The high detailed graphics of 13 just keep coming in 13-2, and remember how I complained that in 13 you could see things but never get closer to them or see them from a different angle? Thanks to the slightly more (but not perfect) ability to roam around in the world, you can actually see things in 13-2 from different positions and really get to enjoy the wide spread of graphics.

And then there is the mini-games. There's not many, but compared to 13 which had none, it is a glorious thing that you get back to the golden saucer roots and race the chocobos that you have pokemoned and made friends with.


The story line gets a little convoluted at points, and if you didn't pay perfect attention to 13 (like me) then there are some sections that make no sense at all because you have to try to remember the difference between Fal'ci, la'ci, pluse la'ci, and all of the other things that sound exactly the same, but for the most part it moves past what you had to deal with in 13, and creates a pretty solid line of it's own that has little to do with the first.

For the record, when in doubt, this is how series should go. You take the world, what has happened in it, and then you use some tangential idea or character that showed up maybe once in the first, and then give their story. It's still in the same universe, but Serah's story stretches through thousands of years, passing up where we started in 13, and absolutely demolishing anything that you were used to in 13 and making a new world to play in. It's the same place . . . sort of. . . but the distance that 13 and 13-2 have between each other is enough that if you didn't like 13, 13-2 is a broad enough departure that you can start over again, but close enough together that if you loved 13, then 13-2 is a romp through a section of the world that you never knew about and times that you never even imagined that you love to experience because they tie back, loosely, to the game you know and love.
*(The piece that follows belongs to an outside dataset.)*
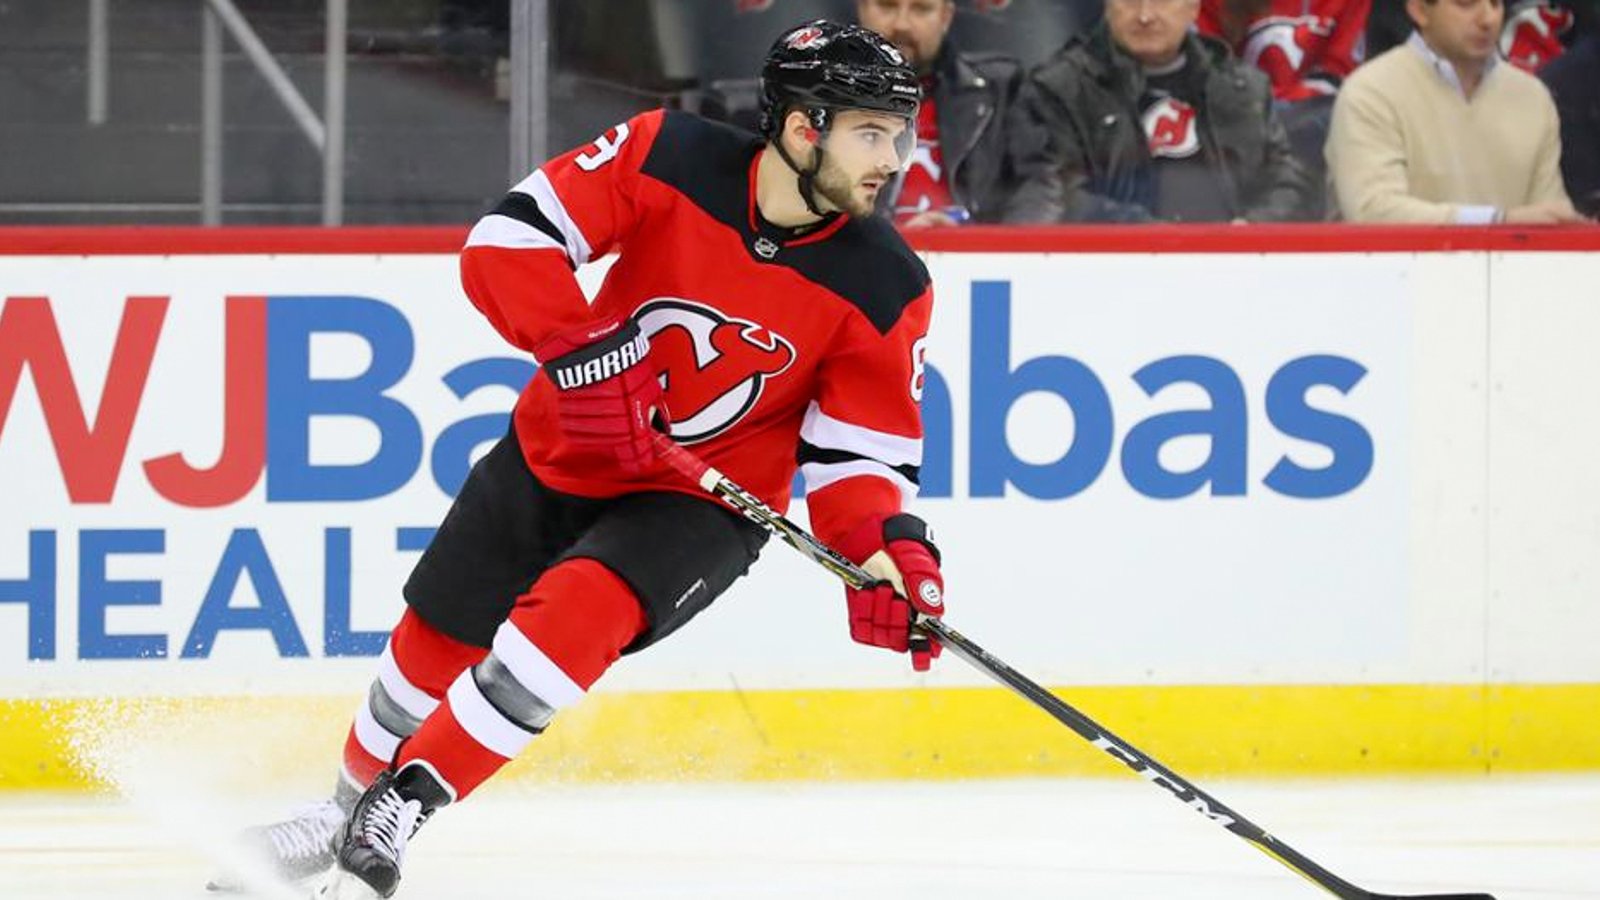 Trade Alert: Devils trade former top prospect Will Butcher
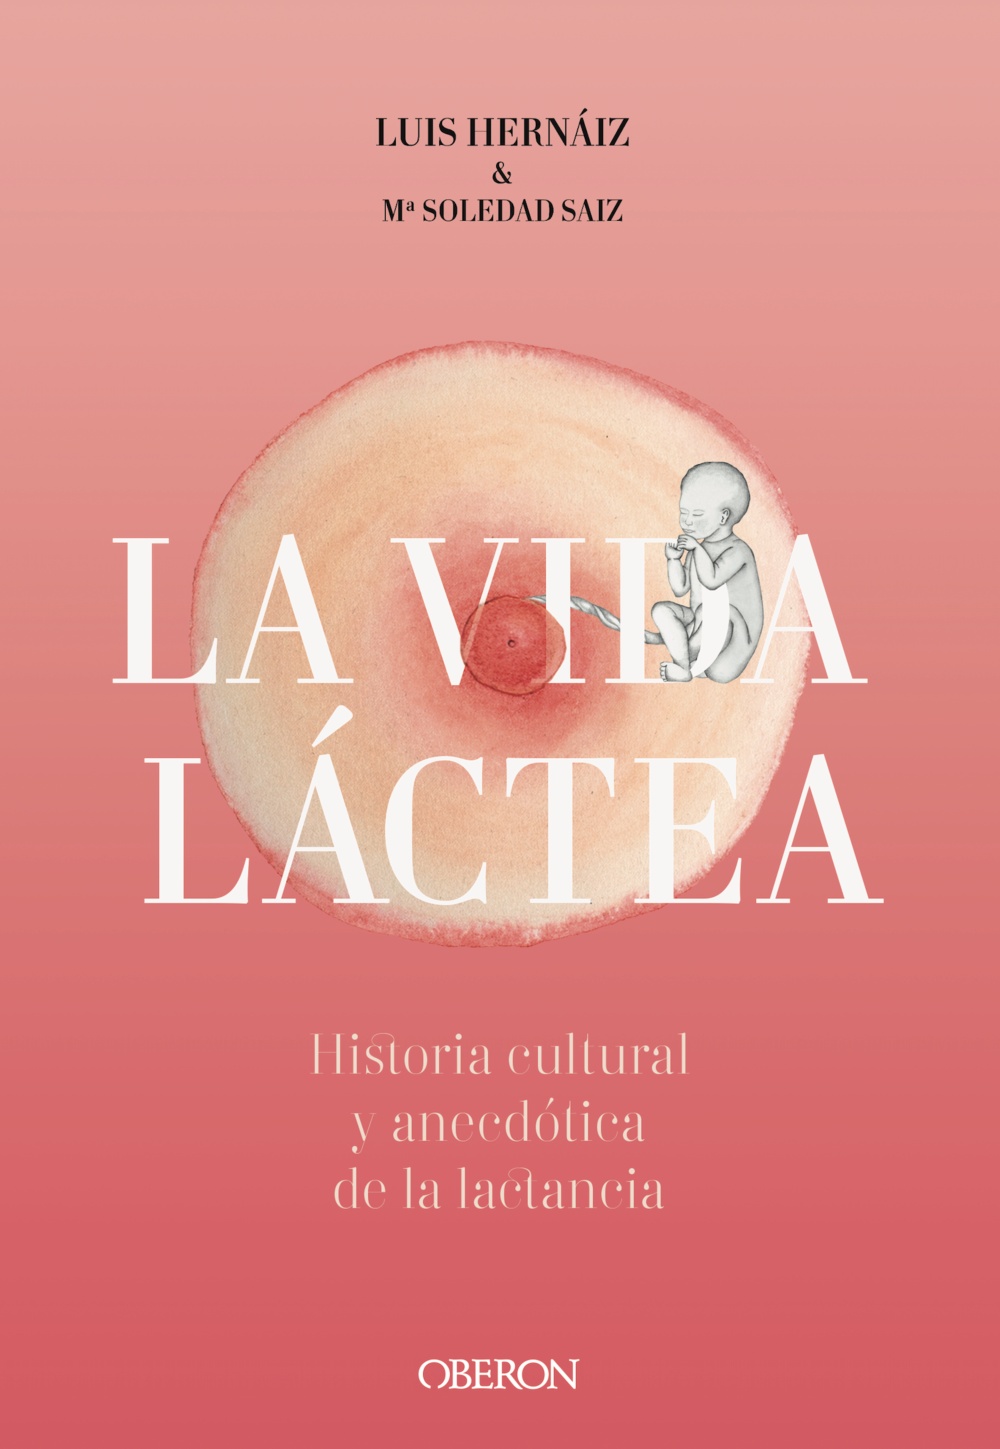 vida-lactea-historia-cultural-y-anecdotica-de-la-lactancia-978-84-415-4261-7.jpg

The only complaint that I have about 13-2 is the fighting system itself. It's not as bad as FF12, and slightly faster than 13, but it's still the auto-pilot forget the game and win system of fighting. Part of the reason that I love to play FF series is because there is some sense of control with fighting. If you run into something that is magic immune you swap over to your fighters and smack it around, but at the same point you can always jump over to your magic users on high defense monsters and nuke them to the ground. You control each character's actions and make sure they do exactly what you want to do when you want them to do it, but then FF13-2 rolls around and you're faced with the auto-pilot mode again. You tell the game roughly what you want it to do (sentile for defense, sabatuer for debufs, medic for healing, and so on and so on) and then the game auto generates what it thinks work best for that class you just said you want it to do. You do have the option to micromanage ONE of your three characters (counting the monsters on the field as one of your characters) but it takes more time than hitting the auto-pilot button because the game doesn't wait for you to make your choices of what you're going to do next. The only thing you really do with battle is set up one paradigm for damage, one paradigm for healing, one for debuffing, and one to increase the damage gauge (yes that's back again from 13), and then you just hit the auto battle button, occasionally switching between your different plans of attack depending on if you're dying, if the enemy is not dying fast enough, or if you filled up the gauge and want to destroy whatever it is that hasn't died yet. It's boring. The action on the screen is impressive as your characters run around and do crazy things, but your involvement in that amazing fight is limited to hitting X to auto fill your battle and occasionally hitting R2 to swap what your team is doing.

All in all, it's a great game, even if you didn't like FF13, 13-2 gives you a new enough take on the world, with enough freedom and interesting story line to make people happy.